BEGIN
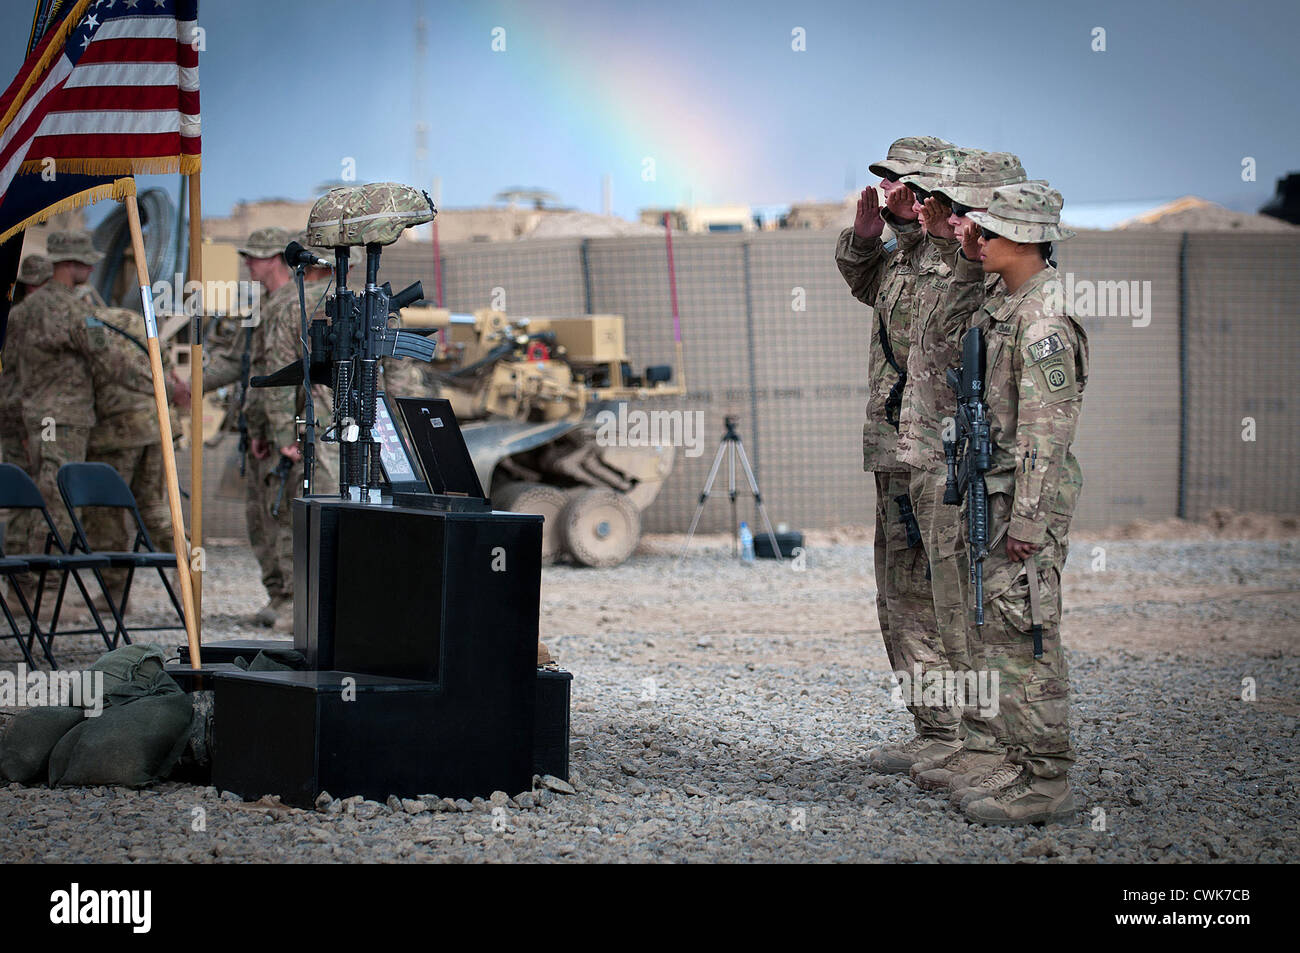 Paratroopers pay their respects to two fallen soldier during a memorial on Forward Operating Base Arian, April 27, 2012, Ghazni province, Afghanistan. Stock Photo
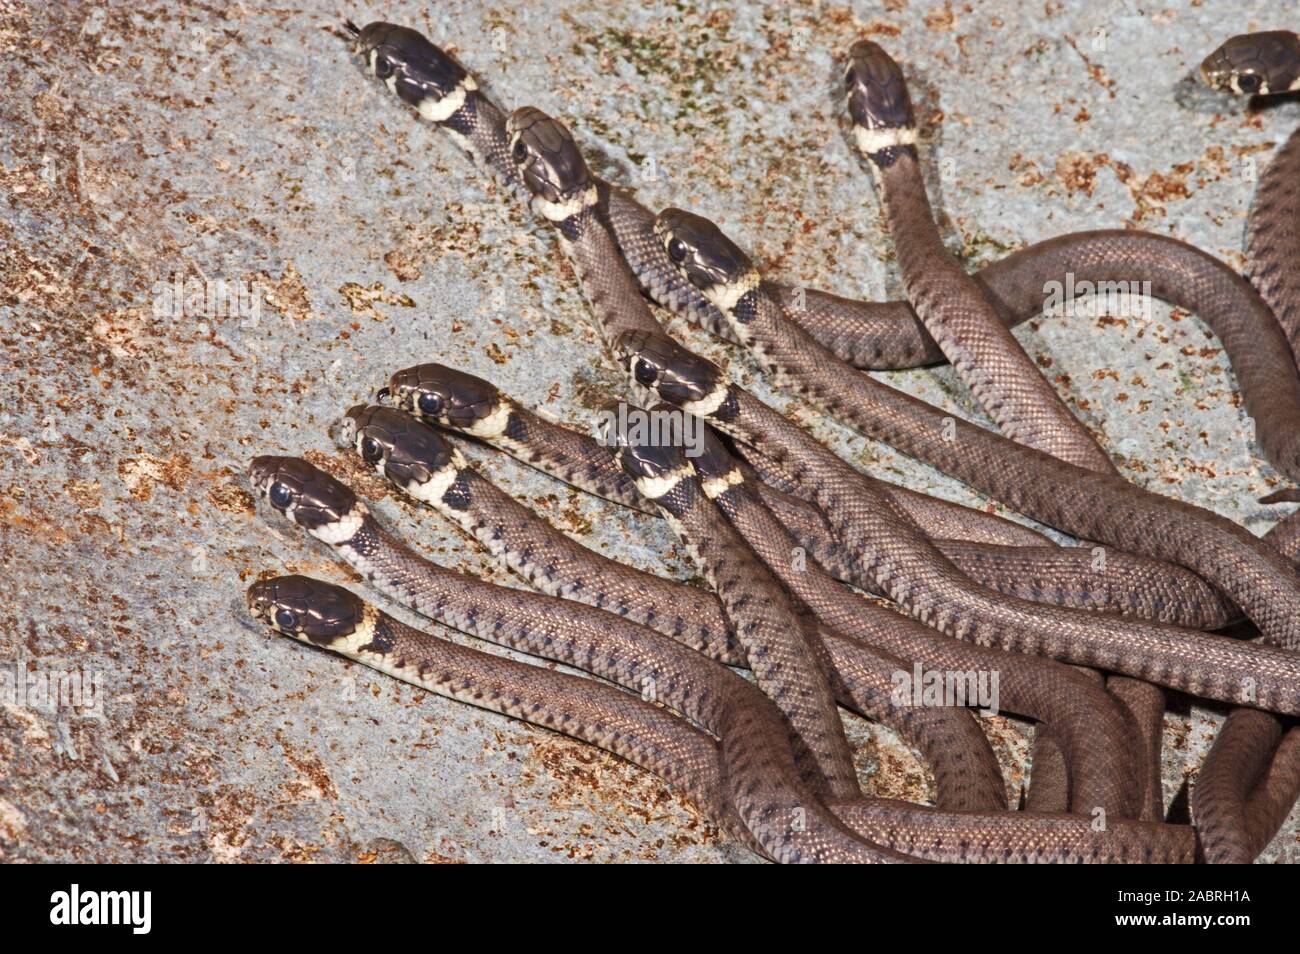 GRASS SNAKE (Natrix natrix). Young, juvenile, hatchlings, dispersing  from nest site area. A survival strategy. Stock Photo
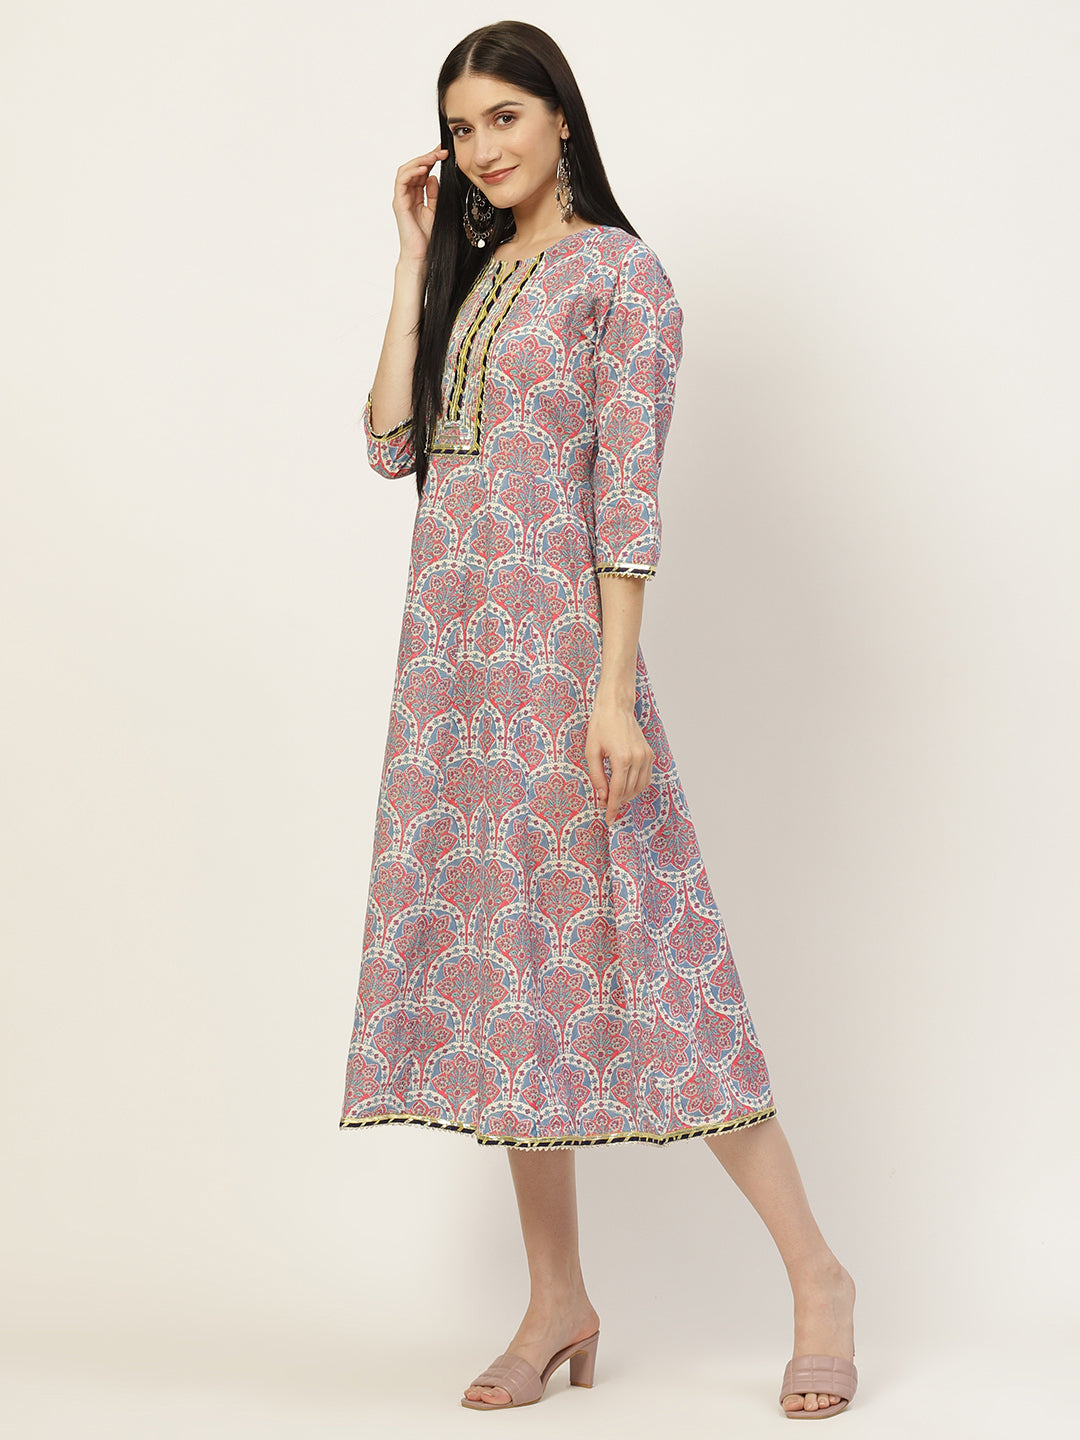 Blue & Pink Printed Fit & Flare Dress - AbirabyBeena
END
▸ **Exercise**
Reproduce all of the data exactly, omitting each picture it holds.

▸ **Solution to this task**
 Paratroopers pay their respects to two fallen soldier during a memorial on Forward Operating Base Arian, April 27, 2012, Ghazni province, Afghanistan. Stock Photo
 GRASS SNAKE (Natrix natrix). Young, juvenile, hatchlings, dispersing  from nest site area. A survival strategy. Stock Photo
 Blue & Pink Printed Fit & Flare Dress - AbirabyBeena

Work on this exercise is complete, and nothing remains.